If the configuration is applied correctly, this will create the migration_repository pointing to the remote endpoint.

To verify that everything works as expected, let's inspect the contents of the snapshot repo;

curl -X GET 'http://localhost:9200/_snapshot/migration_repository/*'
{
  "snapshots": [
    {
      "snapshot": "migration_snapshot",
      "uuid": "w1UH162UQkeDuQ0fVWyMGA",
      "repository": "migration_repository",
      "version_id": 7150299,
      "version": "7.15.2",
      "indices": [
        "..."
      ],
      "data_streams": [
      ],
      "include_global_state": true,
      "state": "SUCCESS",
      "start_time": "2023-01-24T09:49:58.937Z",
      "start_time_in_millis": 1674553798937,
      "end_time": "2023-01-24T09:53:51.665Z",
      "end_time_in_millis": 1674554031665,
      "duration_in_millis": 232728,
      "failures": [
      ],
      "shards": {
        "total": 833,
        "failed": 0,
        "successful": 833
      },
    },
  ],
  "total": 1,
  "remaining": 0
}

Great! If you do not see your old snapshots here, make sure that you serve the correct files. The file index.latest should be served at the root.

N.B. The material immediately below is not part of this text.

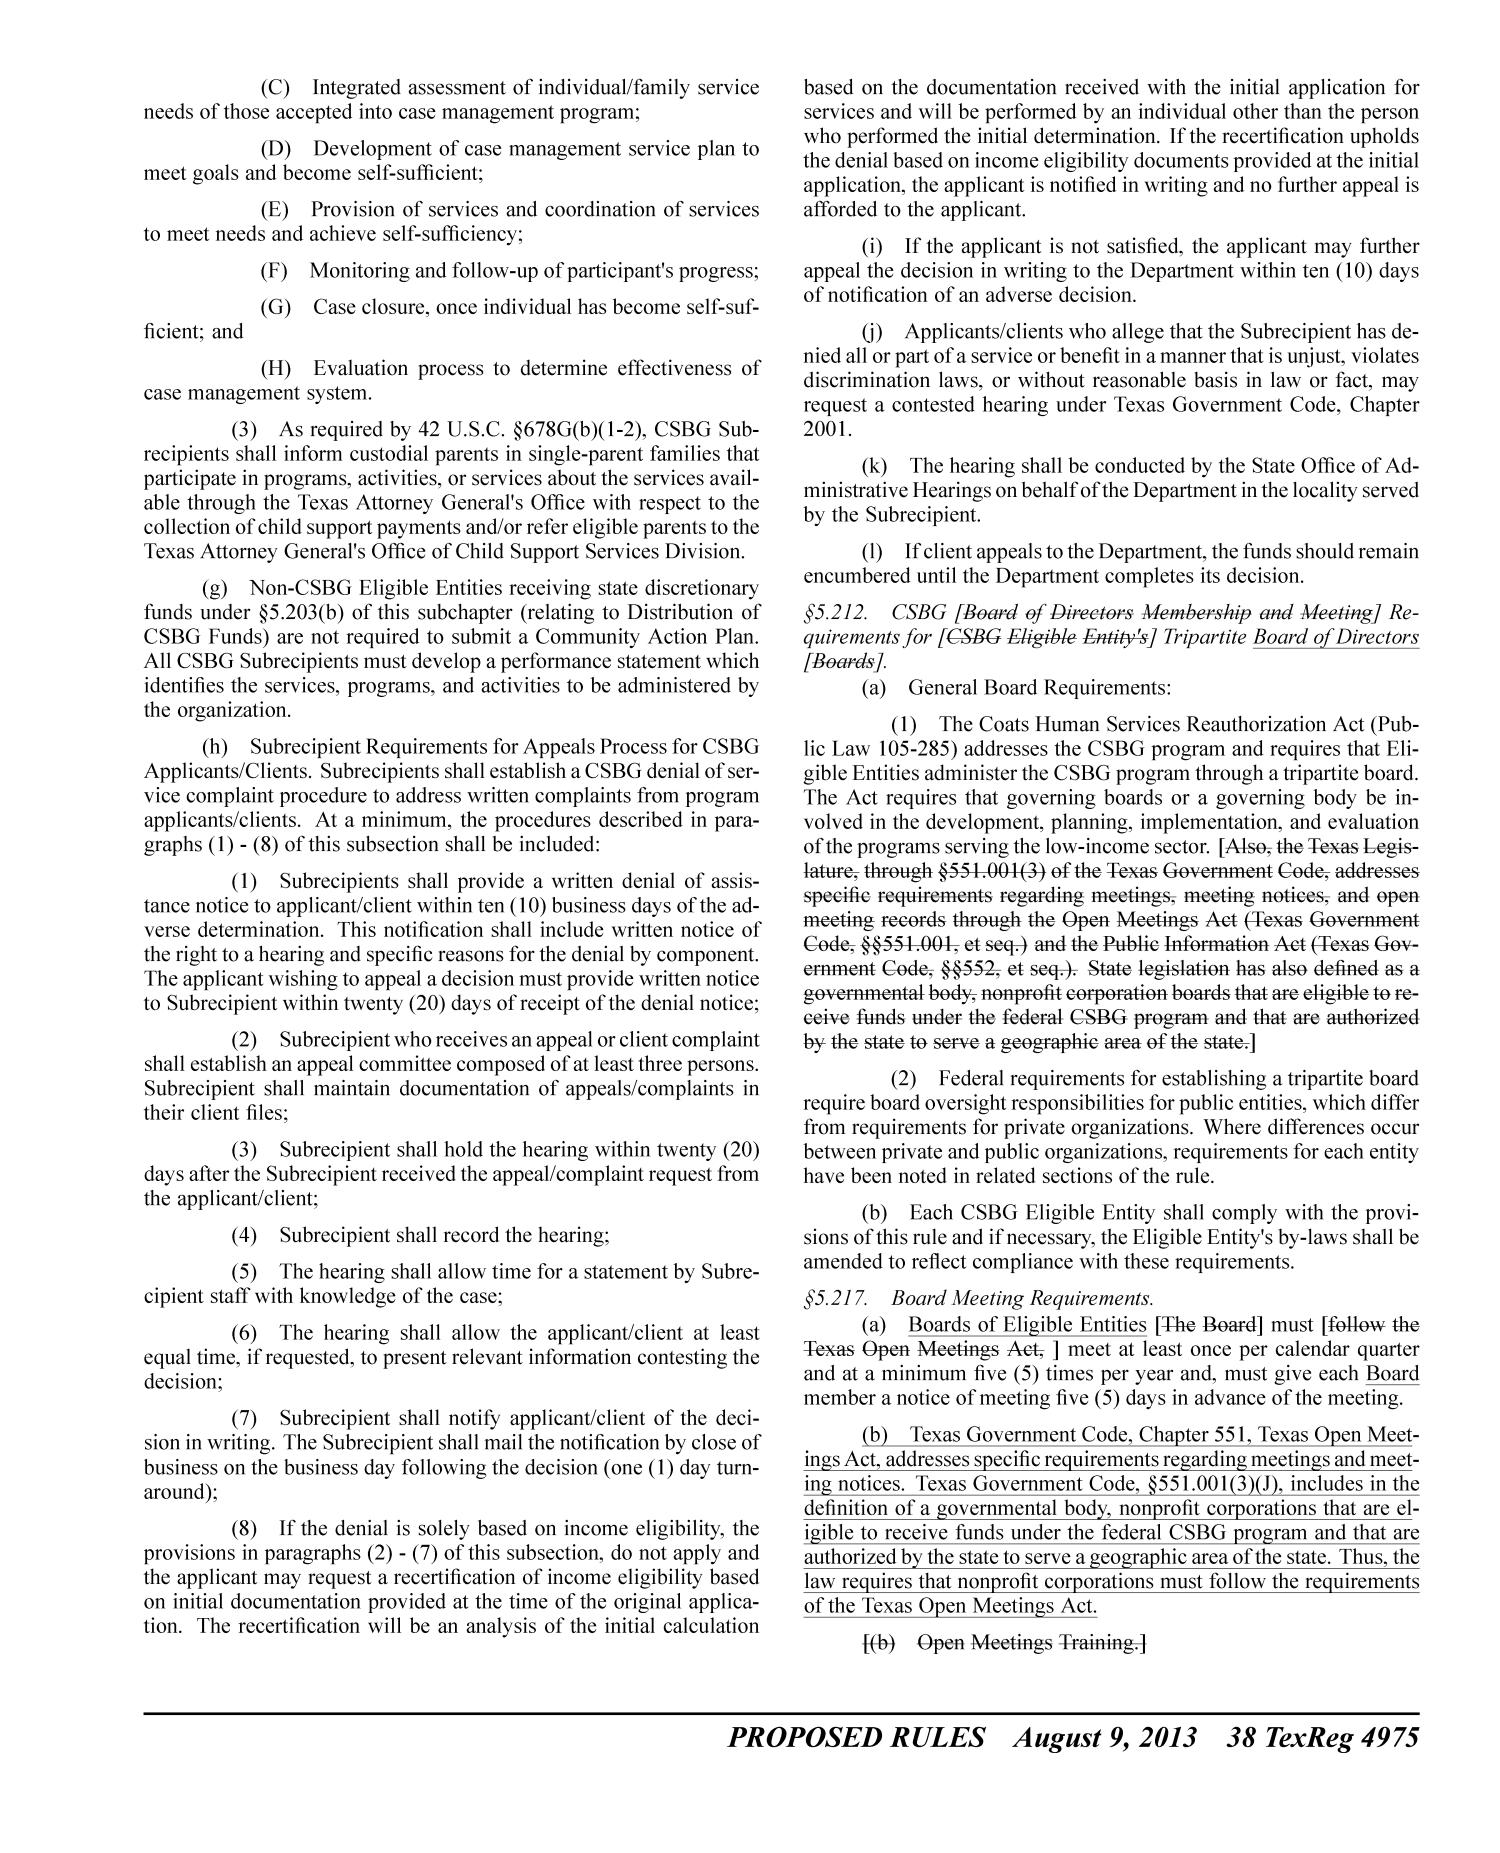 Texas Register, Volume 38, Number 32, Pages 4957-5134, August 9, 2013
                                                
                                                    4975

The last step is to import the indices of this snapshot:

curl -X POST "localhost:9200/_snapshot/migration_repository/migration_snapshot/_restore?wait_for_completion=true&pretty" -H 'Content-Type: application/json' -d'
{
  "ignore_unavailable": true,
  "include_global_state": true,
  "include_aliases": true
}
'

Again, you can leave out the wait_for_completion=true parameter and check on the progress manually. If you want to limit the scope, provide an indices key.

And we're done! The cluster will begin routing the shards to a fitting node and your new cluster is ready to be used.